## What is being asked
Data follows below. Repeat exactly the lines between the line holding "Vegan Tortilla Soup" and the line holding "spectrum networking platform", inclusive, and nothing more; drop pictures.

## Study material
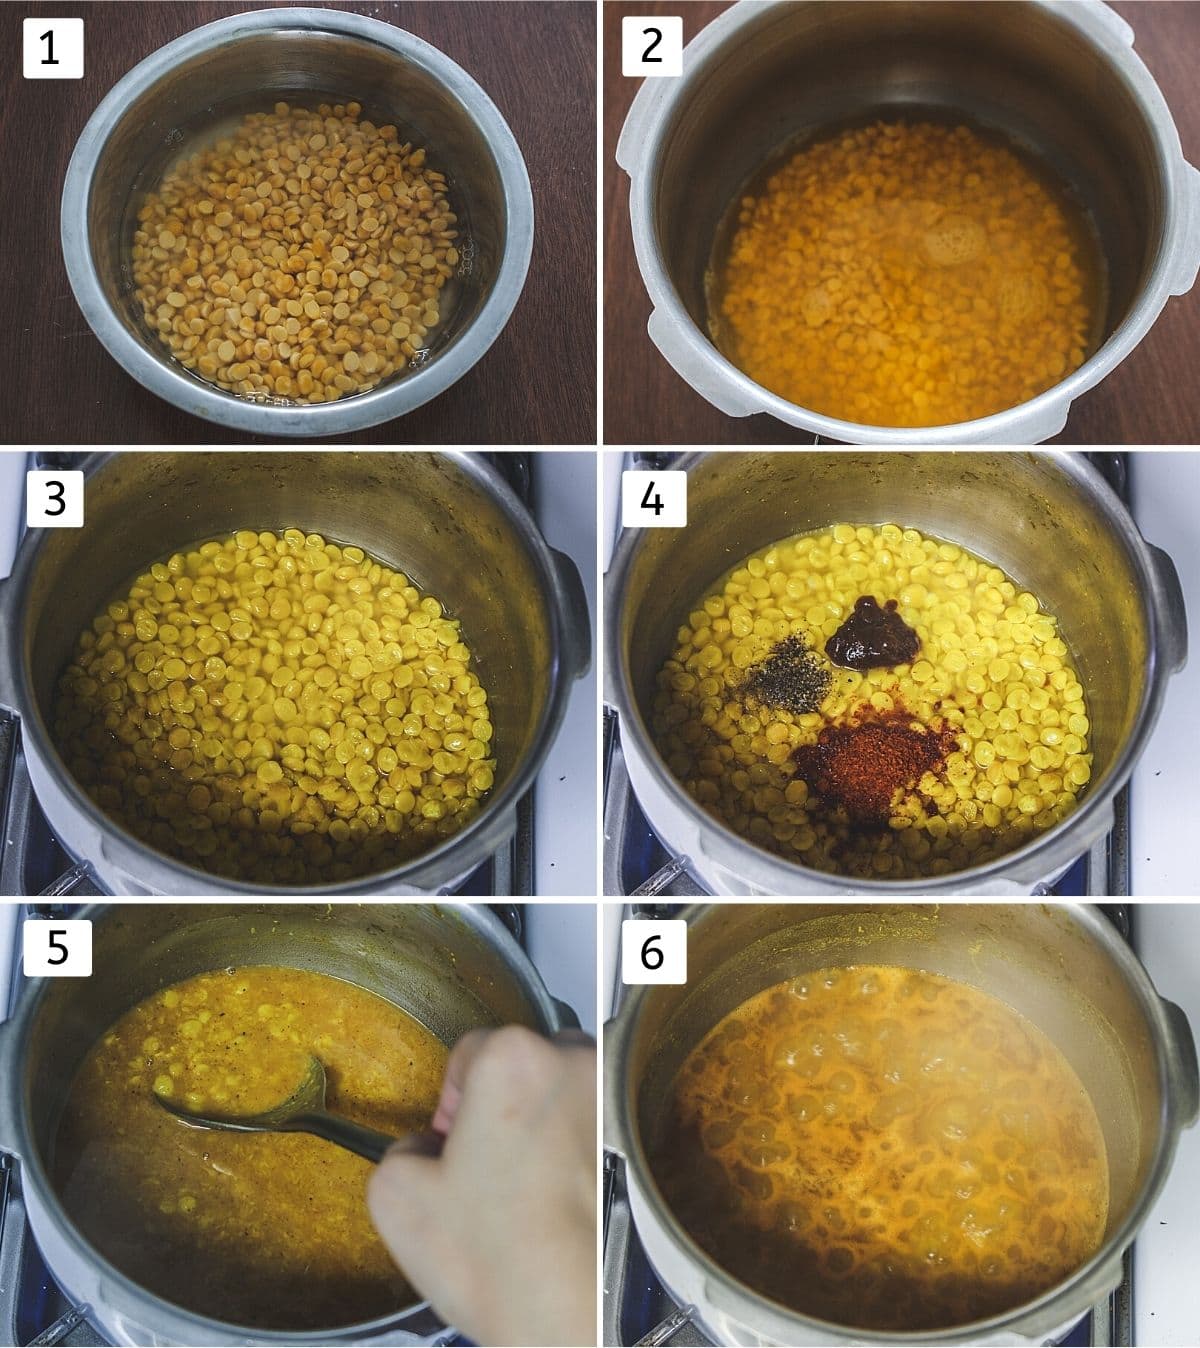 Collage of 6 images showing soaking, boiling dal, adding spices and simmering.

* * *

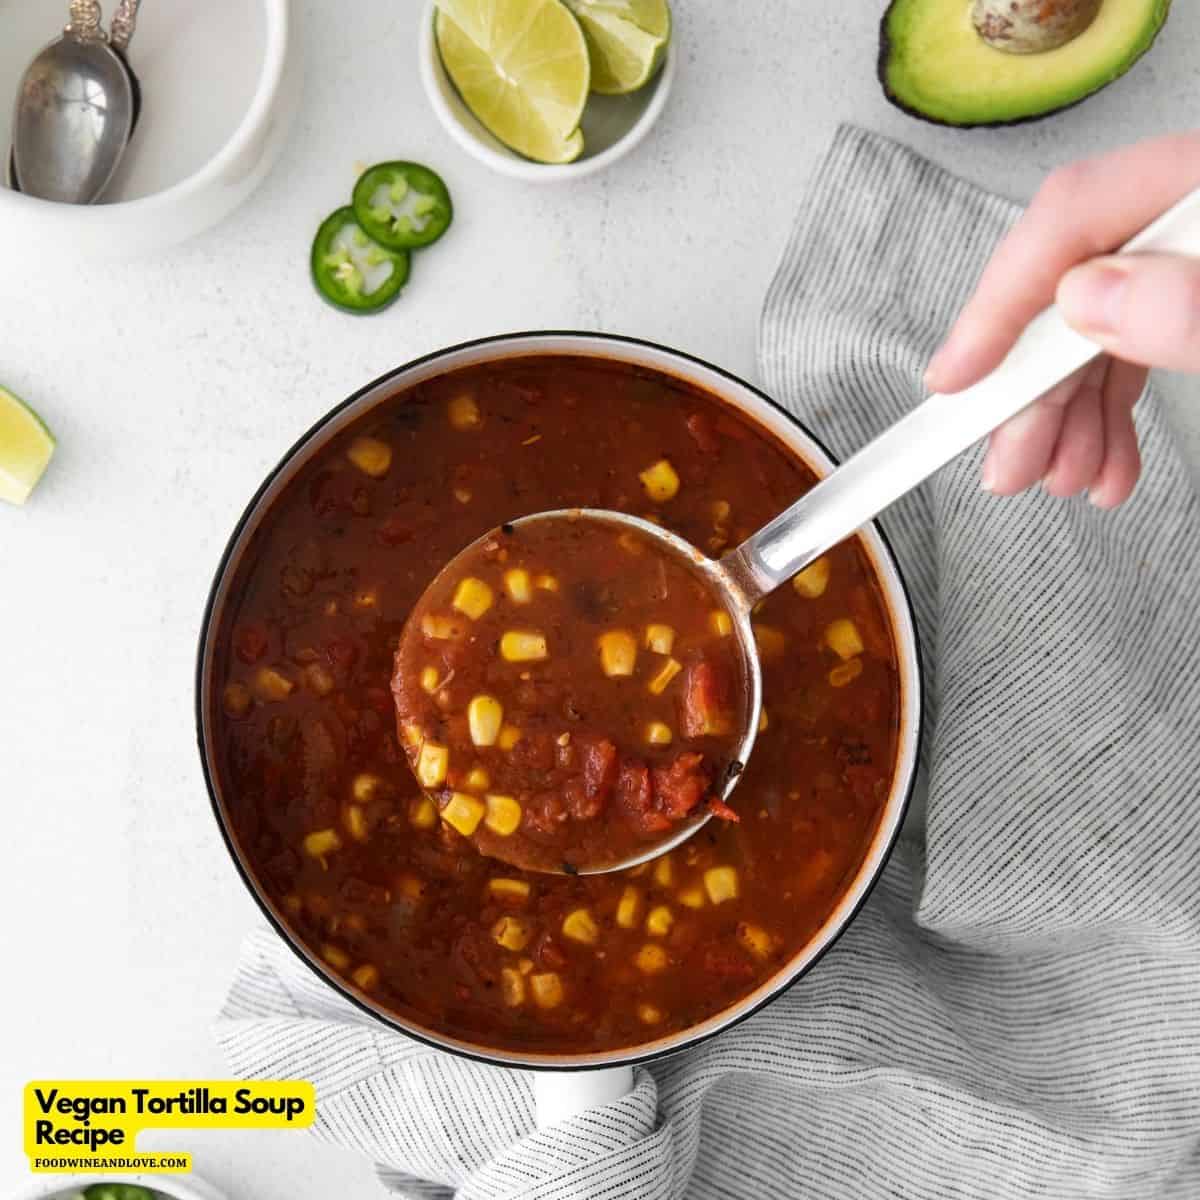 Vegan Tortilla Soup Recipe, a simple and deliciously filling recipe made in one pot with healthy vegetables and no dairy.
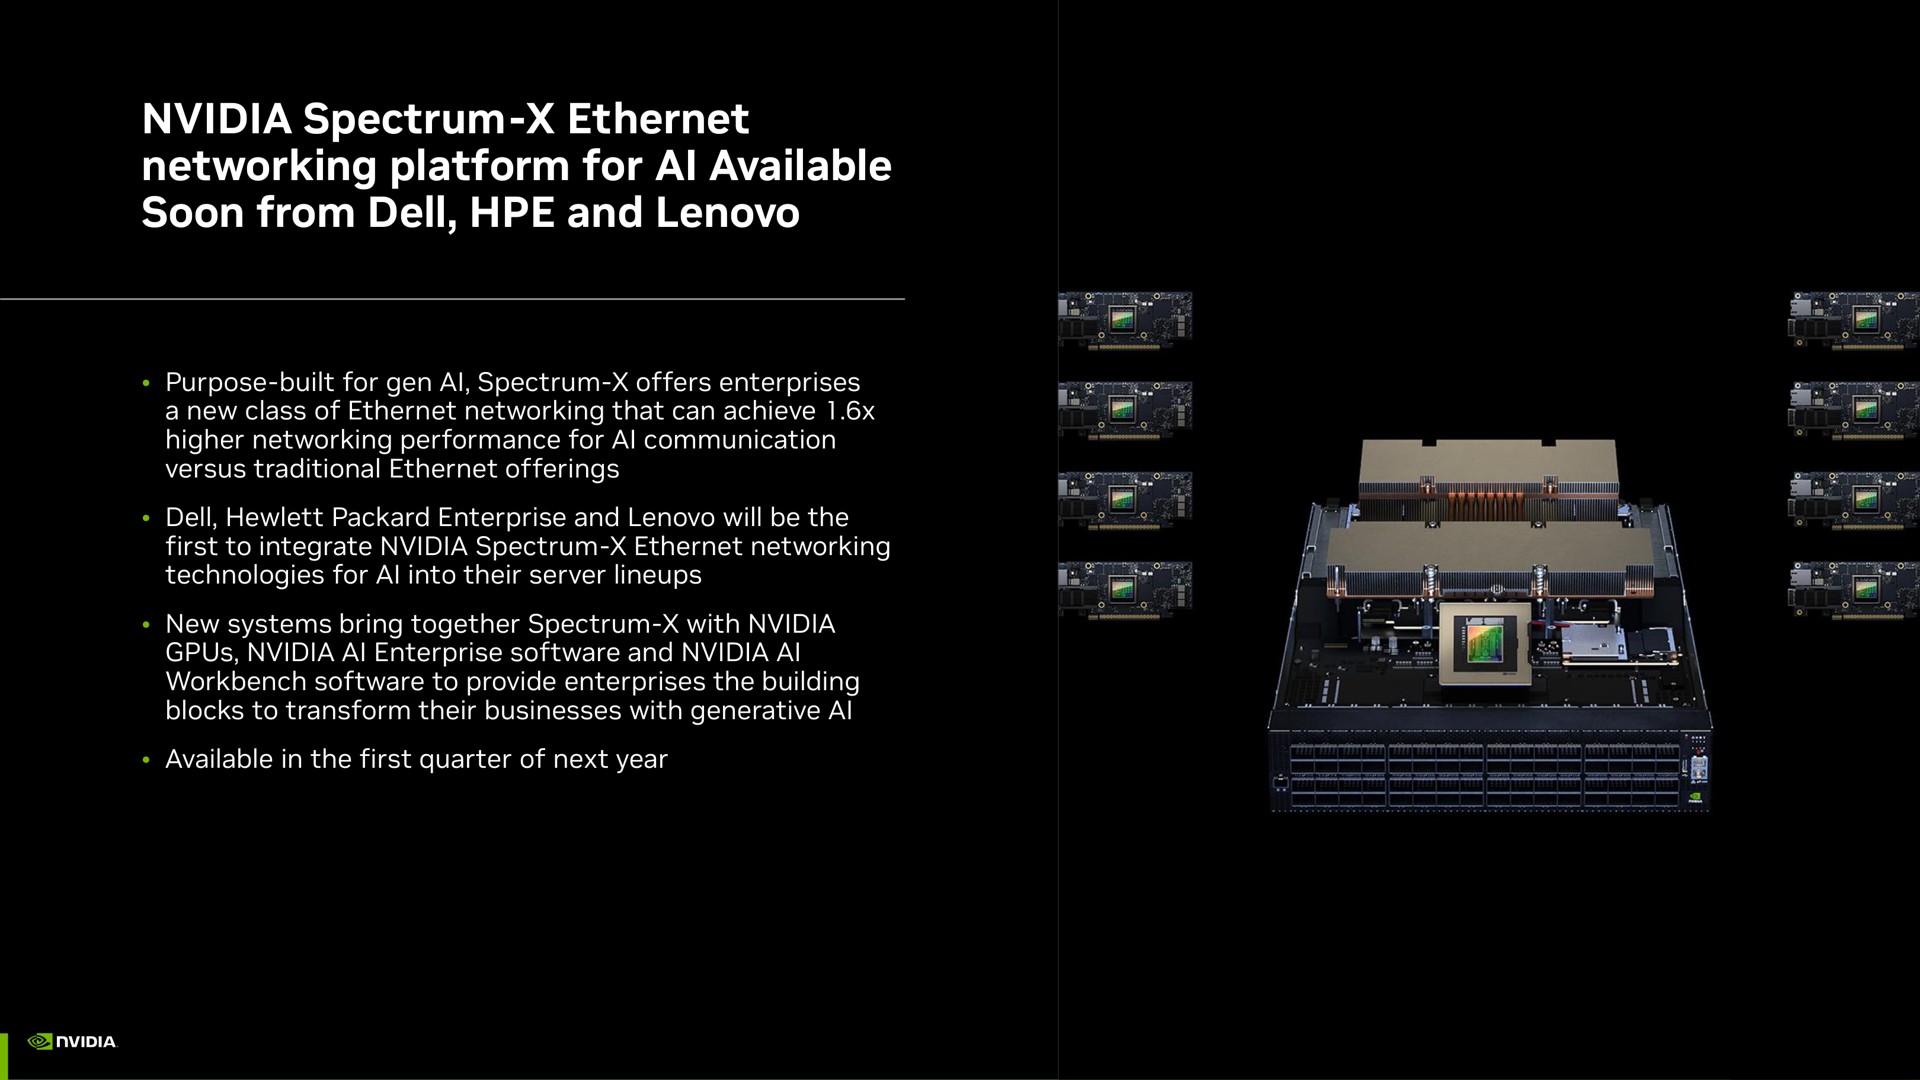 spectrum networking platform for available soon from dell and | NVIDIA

## Result for this exercise
 Vegan Tortilla Soup Recipe, a simple and deliciously filling recipe made in one pot with healthy vegetables and no dairy.
 spectrum networking platform for available soon from dell and | NVIDIA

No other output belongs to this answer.